21 Und Jesus ging aus von dannen und entwich in die Gegenden von Tyrus und Sidon;

22 und siehe, ein kananäisches Weib, das von jenen Grenzen herkam, schrie zu ihm und sprach: Erbarme dich meiner, Herr, Sohn Davids! Meine Tochter ist schlimm besessen.

23 Er aber antwortete ihr nicht ein Wort. Und seine Jünger traten herzu und baten ihn und sprachen: Entlaß sie, denn sie schreit hinter uns her.

24 Er aber antwortete und sprach: Ich bin nicht gesandt, als nur zu den verlorenen Schafen des Hauses Israel.

25 Sie aber kam und warf sich vor ihm nieder und sprach: Herr, hilf mir!

26 Er aber antwortete und sprach: Es ist nicht schön, das Brot der Kinder zu nehmen und den Hündlein hinzuwerfen.

27 Sie aber sprach: Ja, Herr; denn es essen ja auch die Hündlein von den Brosamen, die von dem Tische ihrer Herren fallen.

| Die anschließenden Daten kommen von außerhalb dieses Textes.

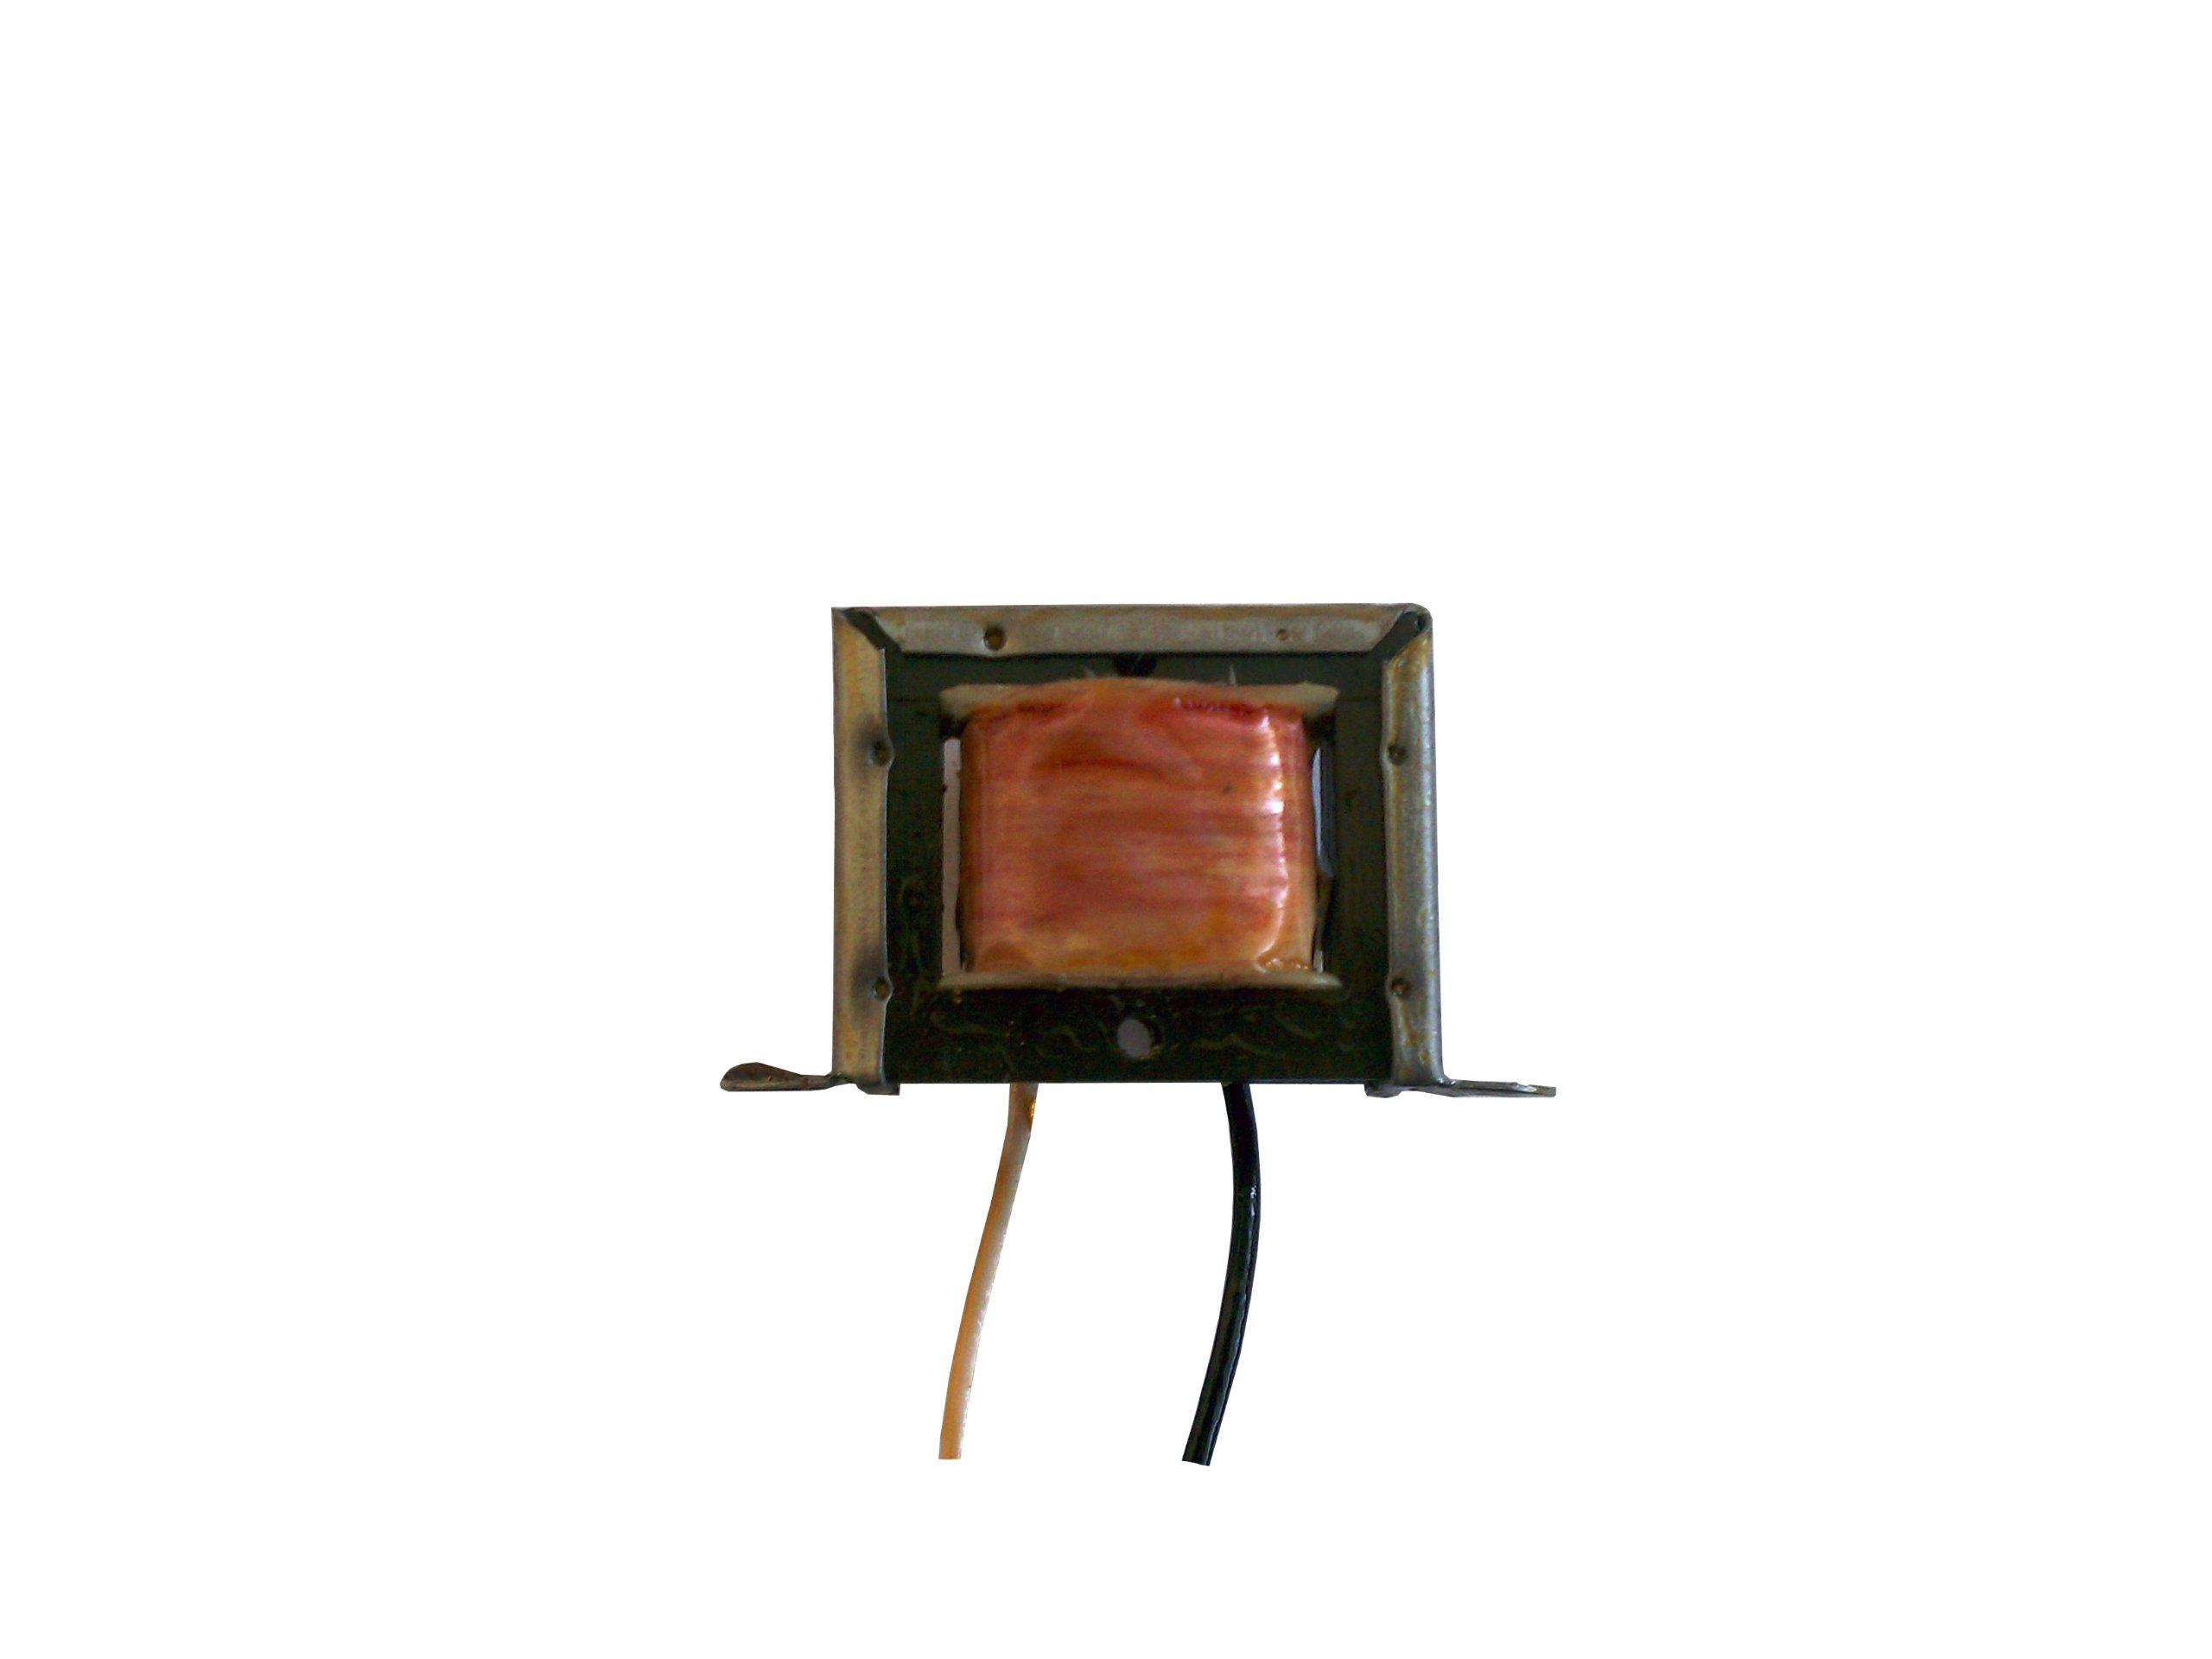 120-Volt 1-Lamp F8T5 Normal Power Factor Magnetic Ballast-Radionic Hi Tech Inc.

28 Da antwortete Jesus und sprach zu ihr: O Weib, dein Glaube ist groß; dir geschehe, wie du willst. Und ihre Tochter war geheilt von jener Stunde an.

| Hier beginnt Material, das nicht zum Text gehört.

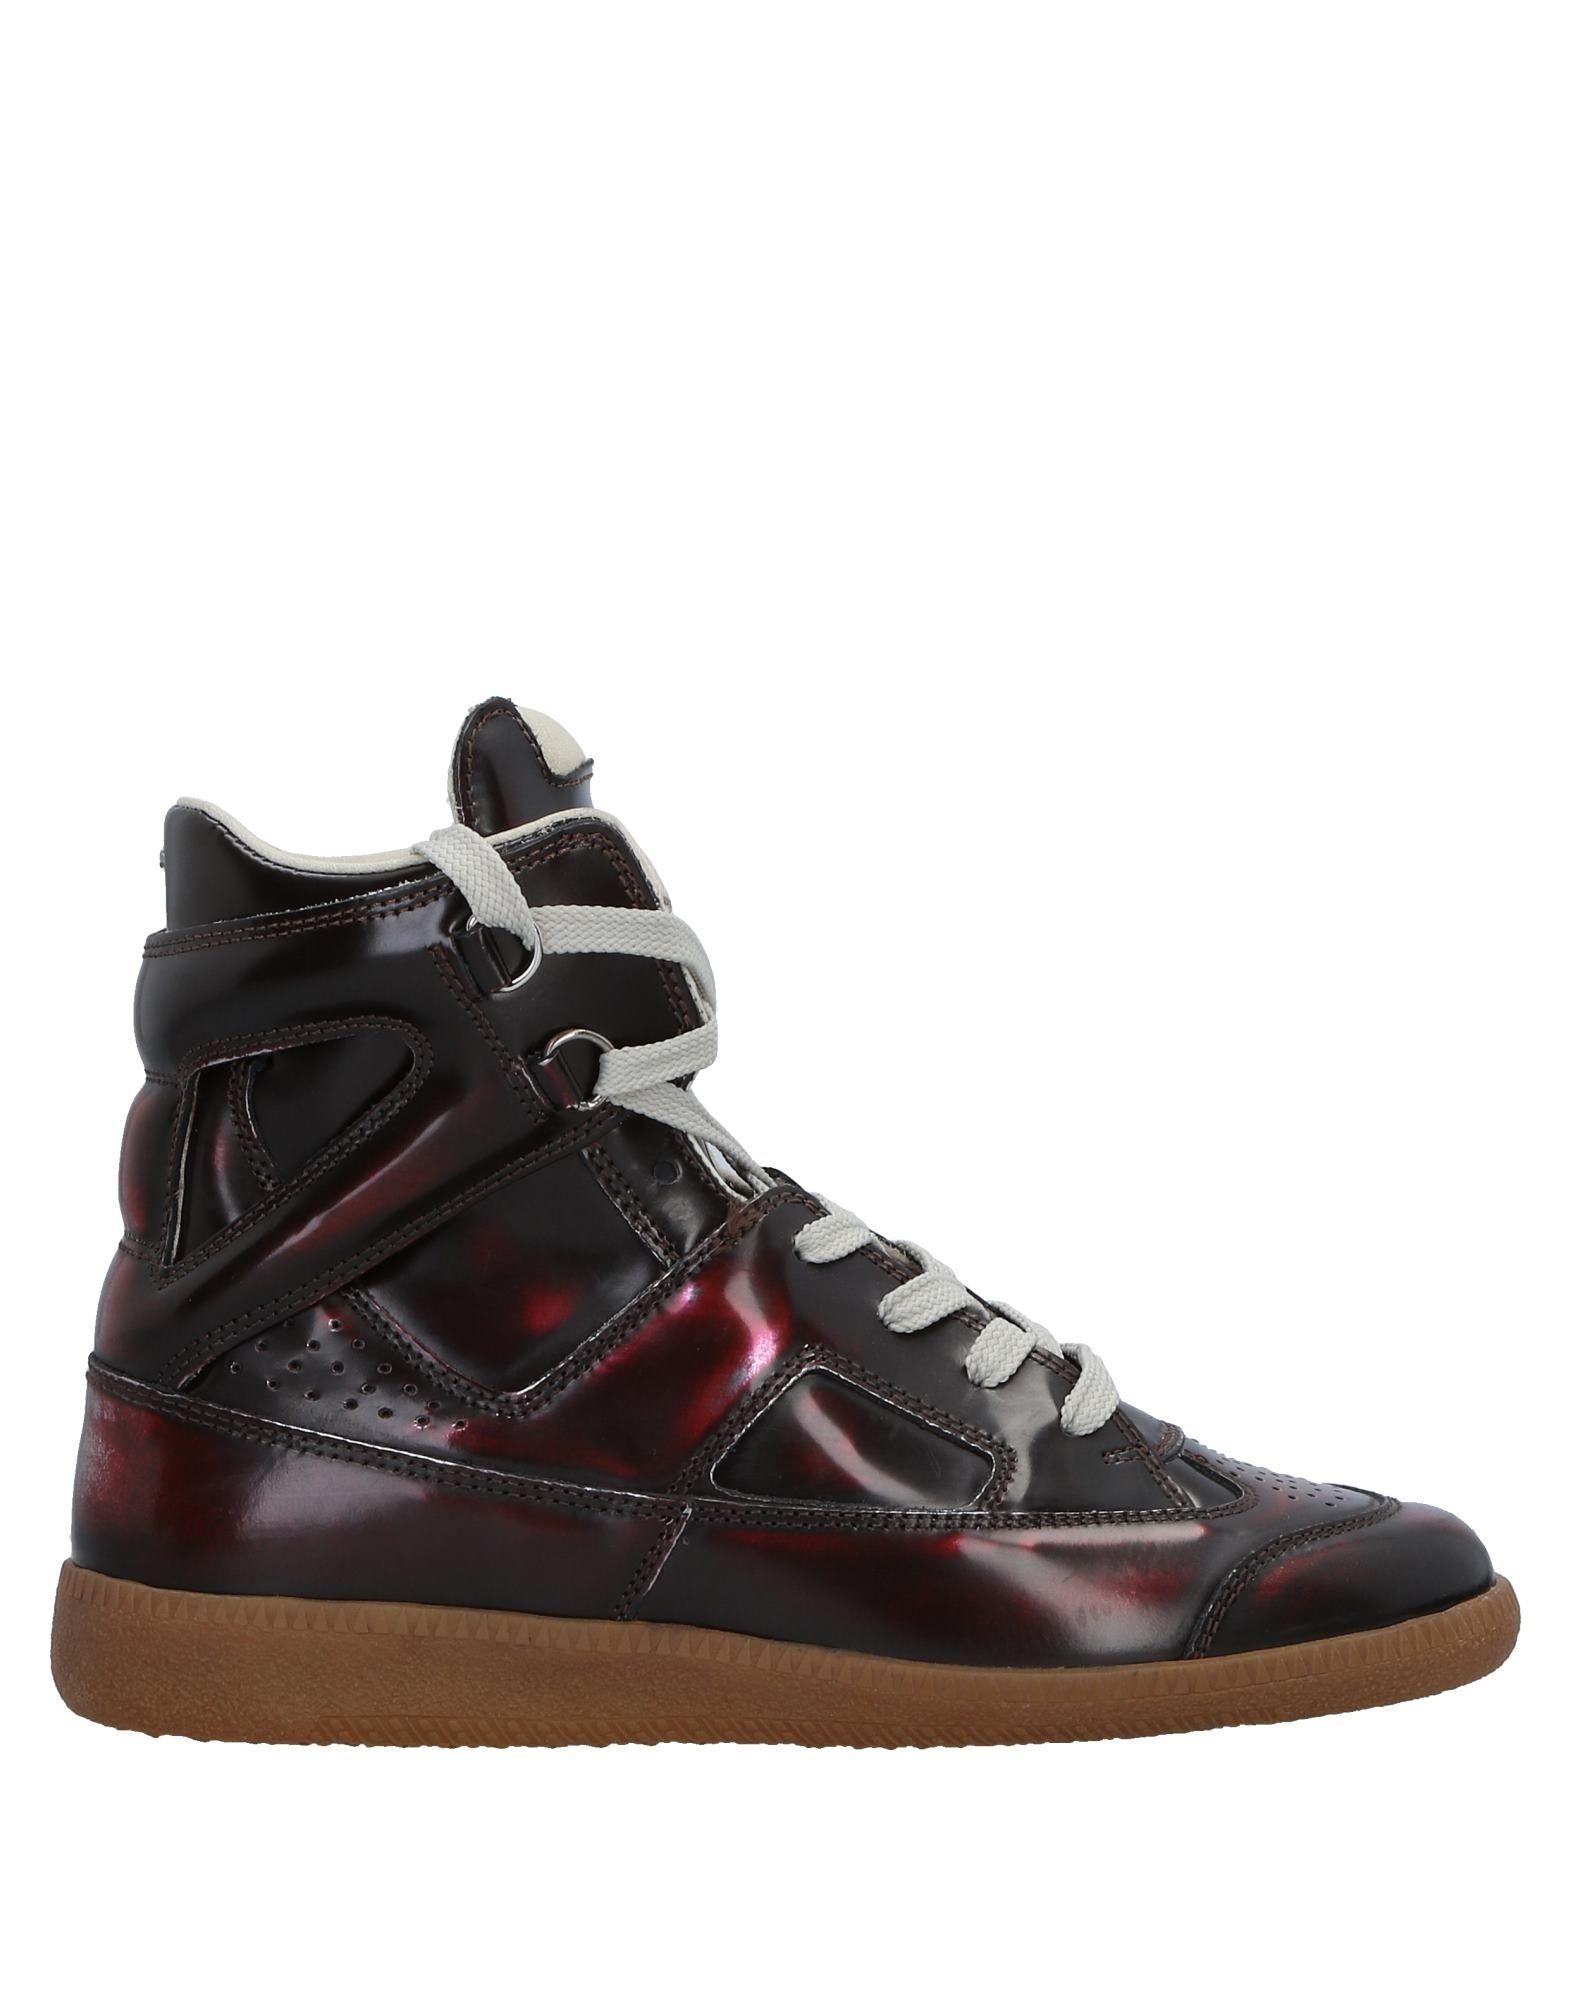 Maison Margiela Sneakers Damen  11498360JXGünstige gut aussehende Schuhe

29 Und Jesus ging von dannen hinweg und kam an den See von Galiläa; und als er auf den Berg gestiegen war, setzte er sich daselbst.

30 Und große Volksmengen kamen zu ihm, welche Lahme, Blinde, Stumme, Krüppel und viele andere bei sich hatten, und sie warfen sie ihm zu Füßen; und er heilte sie,

31 so daß die Volksmengen sich verwunderten, als sie sahen, daß Stumme redeten, Krüppel gesund wurden, Lahme wandelten und Blinde sahen; und sie verherrlichten den Gott Israels.

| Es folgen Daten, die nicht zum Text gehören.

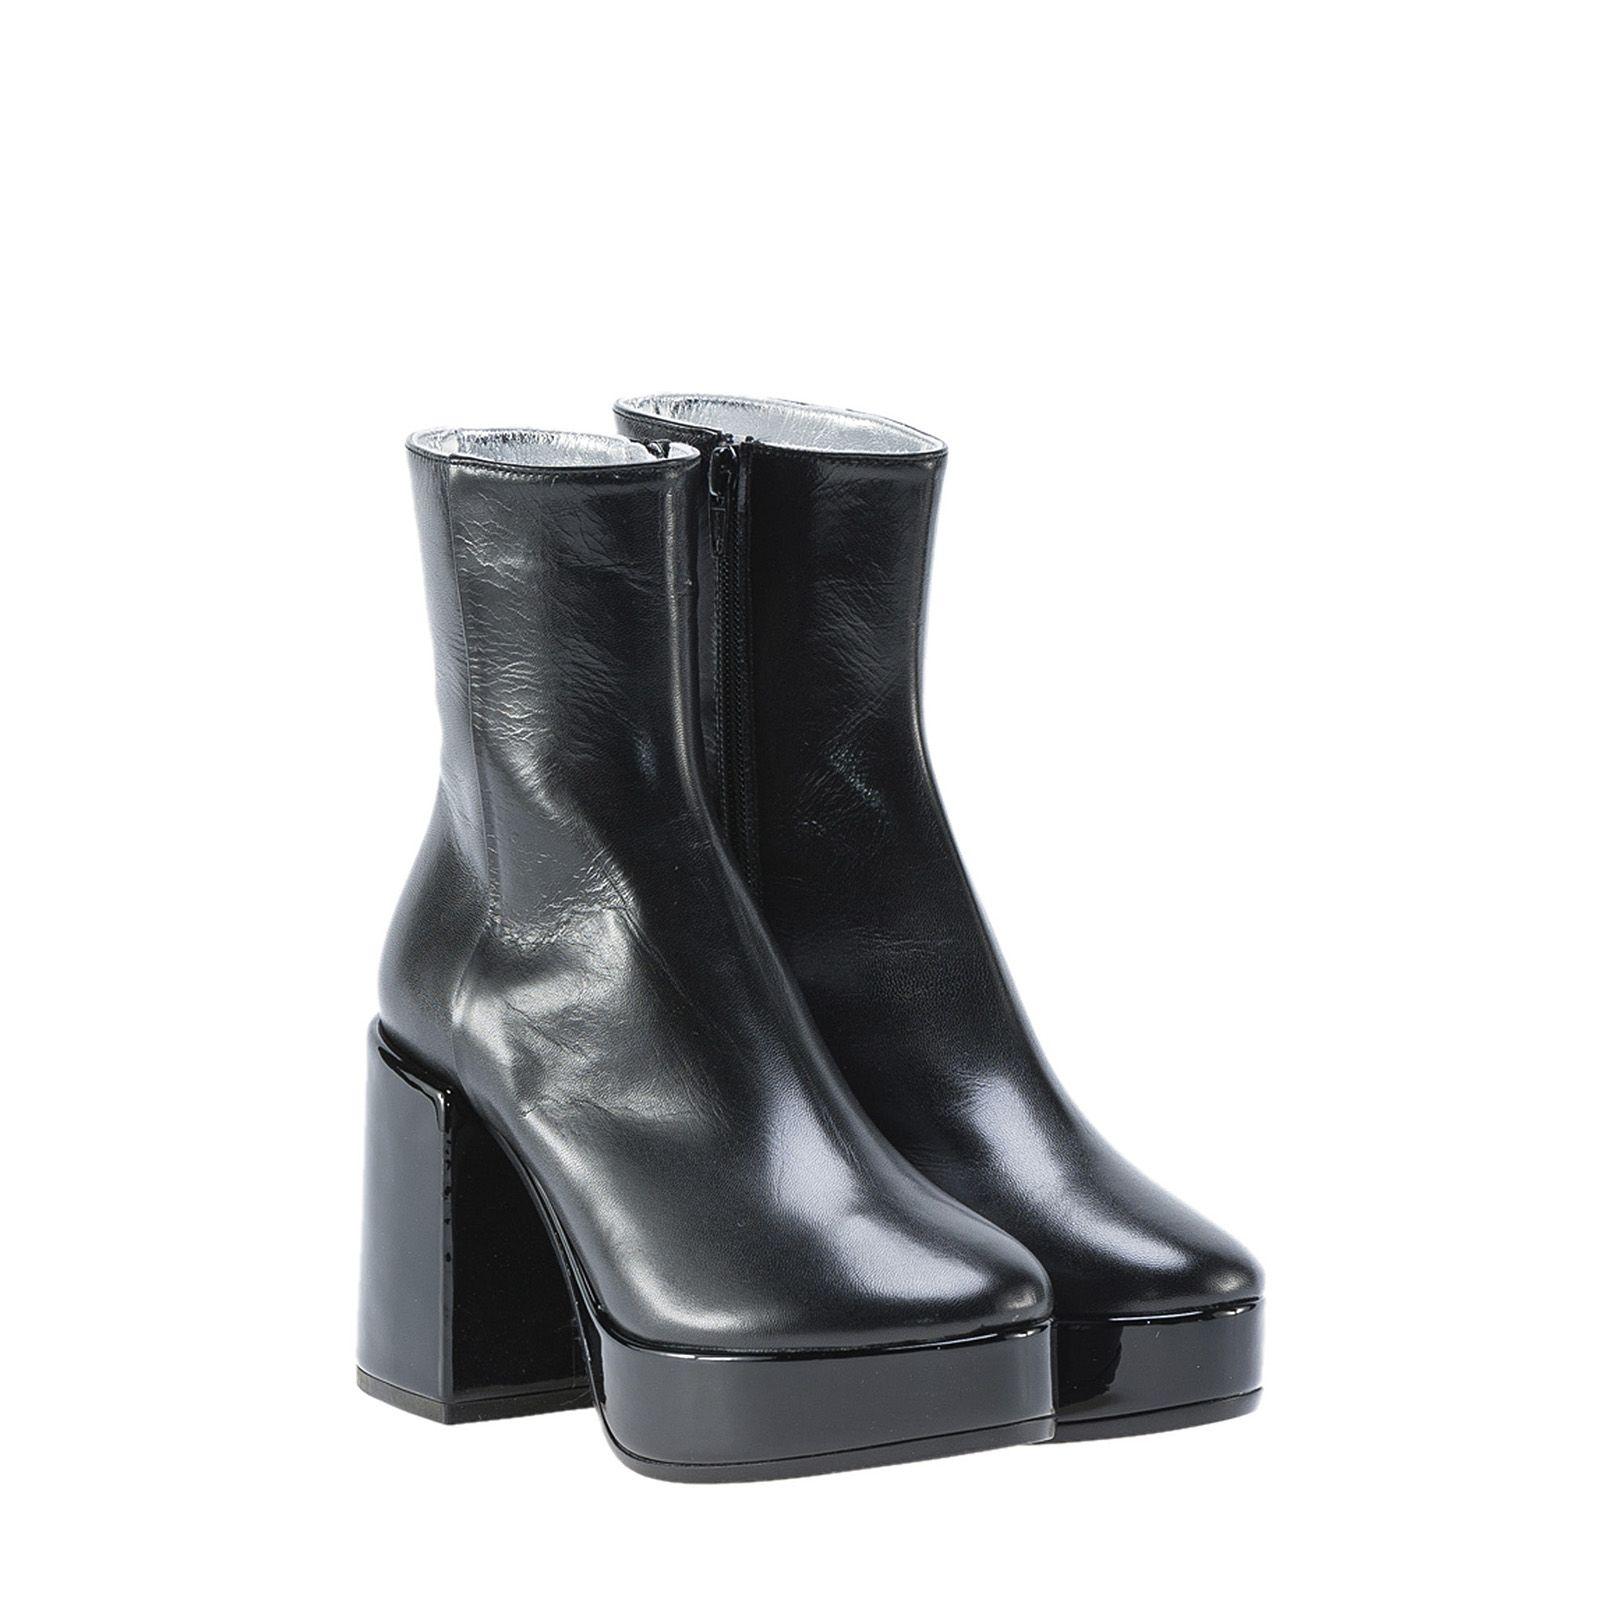 Mm6 Maison Margiela Platform Boots

32 Als Jesus aber seine Jünger herzugerufen hatte, sprach er: Ich bin innerlich bewegt über die Volksmenge; denn schon drei Tage weilen sie bei mir und haben nichts zu essen; und ich will sie nicht entlassen, ohne daß sie gegessen haben, damit sie nicht etwa auf dem Wege verschmachten.

33 Und seine Jünger sagen zu ihm: Woher nehmen wir in der Einöde so viele Brote, um eine so große Volksmenge zu sättigen?

34 Und Jesus spricht zu ihnen: Wie viele Brote habt ihr? Sie aber sagten: Sieben, und wenige kleine Fische.

35 Und er gebot der Volksmenge, sich auf die Erde zu lagern.

36 Und er nahm die sieben Brote und die Fische, dankte und brach und gab sie seinen Jüngern, die Jünger aber gaben sie den Volksmengen.

37 Und sie aßen alle und wurden gesättigt; und sie hoben auf, was an Brocken übrigblieb, sieben Körbe voll.

38 Die aber aßen, waren viertausend Männer, ohne Weiber und Kindlein.

39 Und als er die Volksmengen entlassen hatte, stieg er in das Schiff und kam in das Gebiet von Magada.